Work task:
Transcribe the whole listing exactly; the images stay out.

Data block:

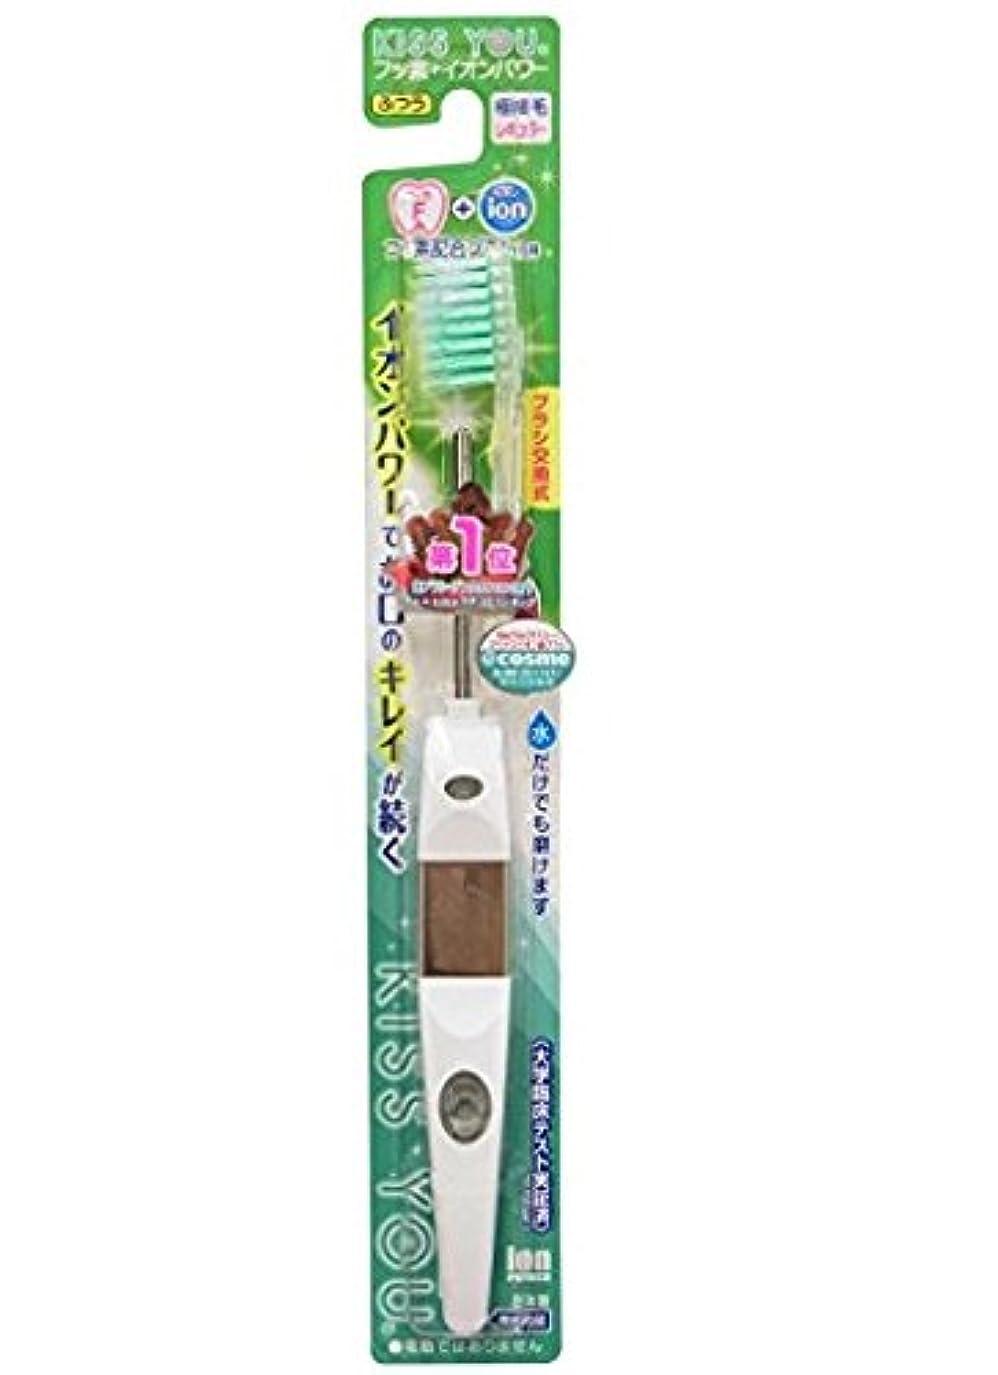 ライター天皇硫黄フッ素イオン歯ブラシ極細レギュラー本体ふつう × 5個セット
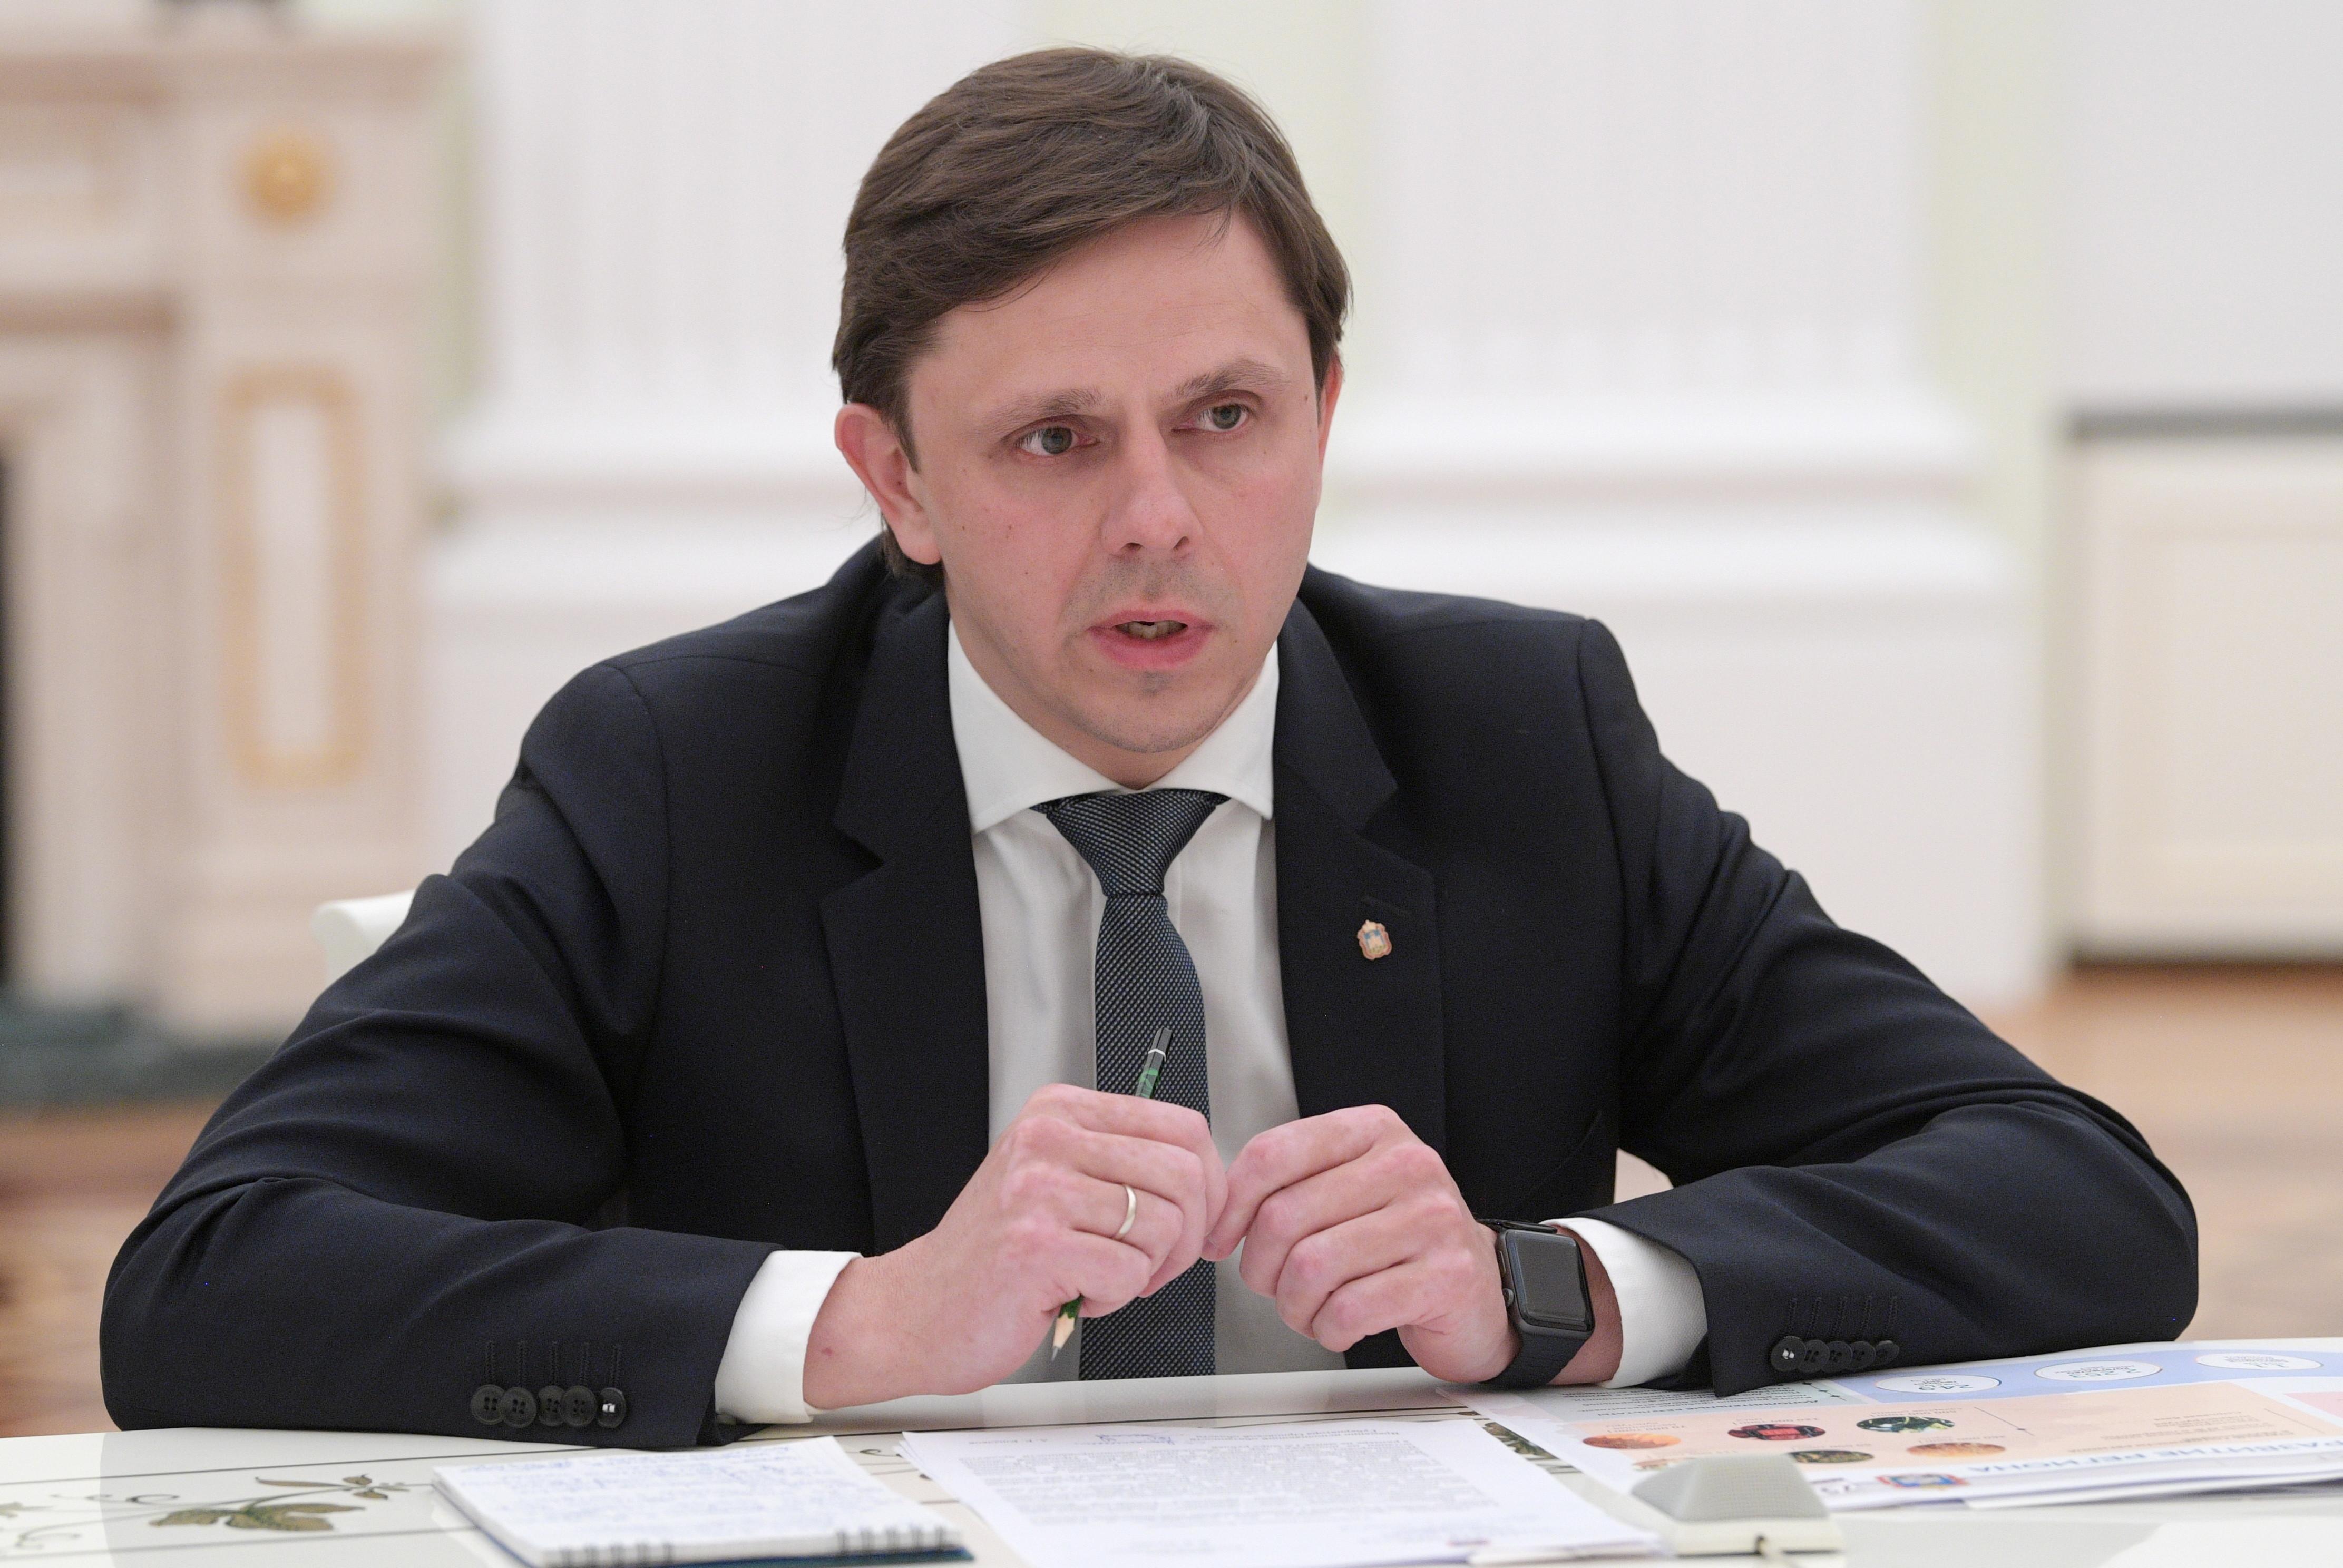 Клычков победил навыборах губернатора Орловской области
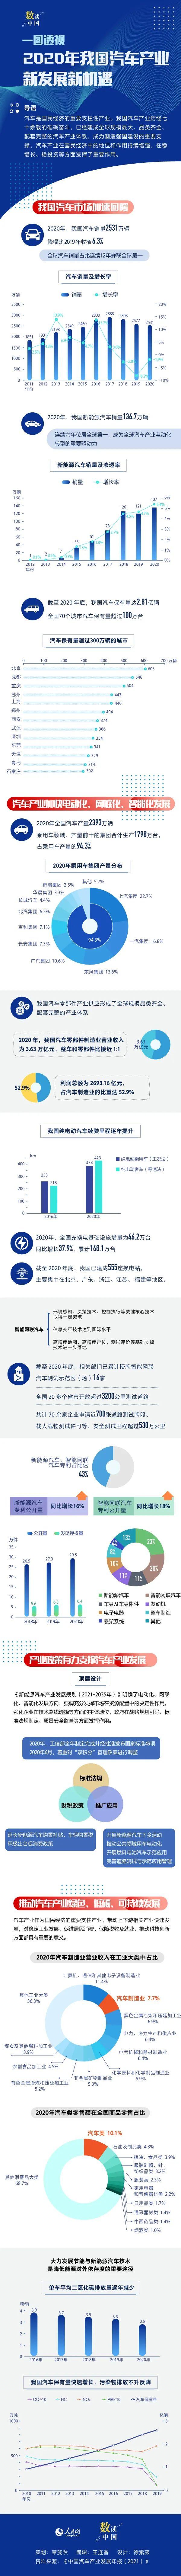 2021年中国汽车产业发展年报数据公布

Final answer:
 ライター天皇硫黄フッ素イオン歯ブラシ極細レギュラー本体ふつう × 5個セット
 Клычков победил навыборах губернатора Орловской области
 2021年中国汽车产业发展年报数据公布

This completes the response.